There are several instruments used to measure air pressure that are used for analysis to assist monitoring surface troughs, high pressure systems and frontal boundaries.

Barometers and pressure altimeters are basically the same instrument, however, used for different purposes.

An altimeter is intended to be moved to various places matching the atmospheric pressure to the corresponding altitude, while barometer is kept in the same place measuring subtle pressure changes caused by the weather.  However, one exception to this is ships at sea.  Their elevation changes, which a barometer can be used to measure because their elevation does not change.  Weather systems and aircraft altimeters may need to be changed as they fly between destinations as atmospheric pressure changes.
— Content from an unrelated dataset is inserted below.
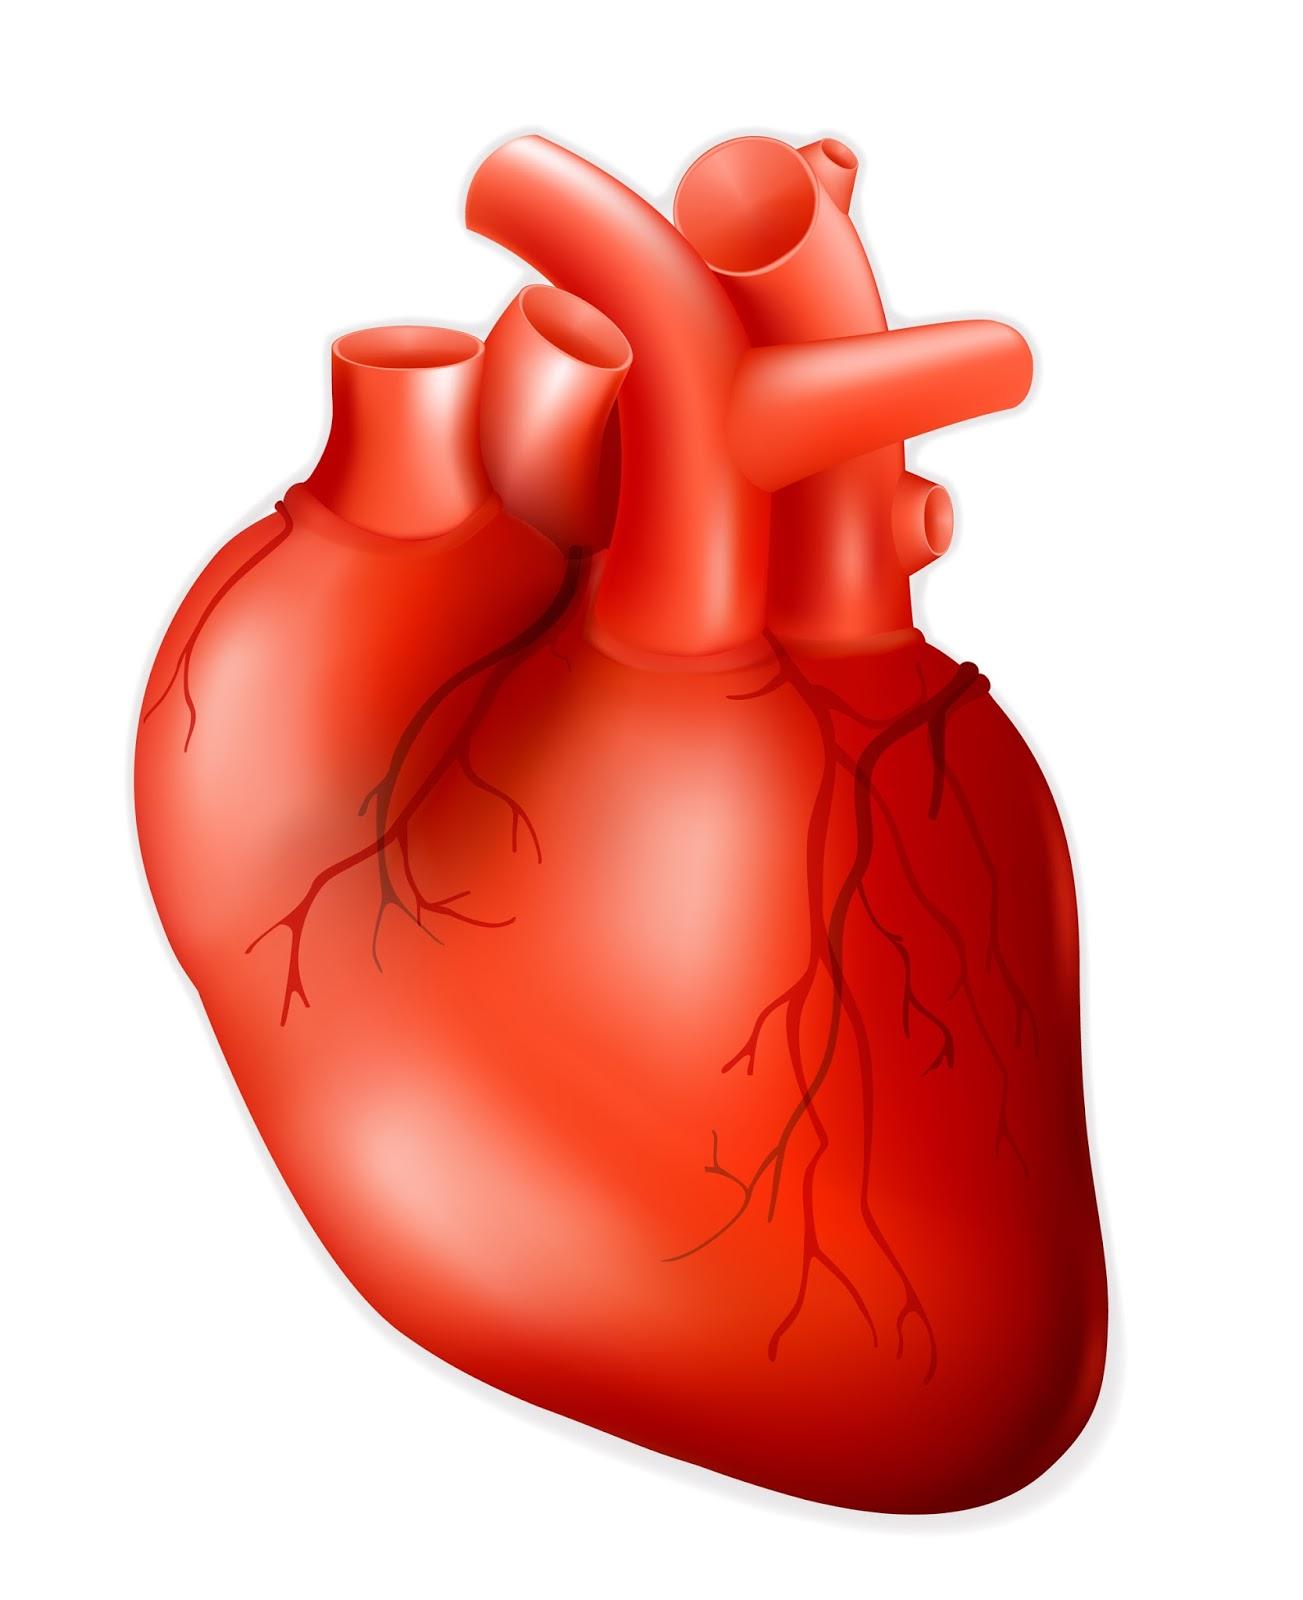 Human heart cliparts clip freeuse stock Human heart real heart clipart kid - ClipartBarn clip freeuse stock

The barometer was invented by Gasparo Berti, an Italian mathematician/astronomer, in 1643.  An unimaginable invention in those days.  By accident, Berti built a water barometer estimated to have happened between 1640 and 1643.

Rene’ Descartes, a french scientist, offered a description of the design of an experiment to determine atmospheric pressure as early as 1631, however, there is no evidence that Descartes built a barometer.

There are various types of barometers:

  • Water-based
  • Mercury
  • Vacuum pump oil
  • Aneroid
  • Baragraphs
  • MEMS

Applications of barometers

Barometers measuring barometeric pressure has been used since the 19th century.  When used in conjunction with wind semi-reliable forecast can be made.  Simultaneous readings from across weather station network helps build a map of air pressure, which was the first form of a weather map, created in the 19th century.  Localized high atmospheric pressure acts as a barrier to approaching weather, changing their course.  Atmospheric lift as a result of low-level wind  convergence into the surface brings clouds and possibly precipation.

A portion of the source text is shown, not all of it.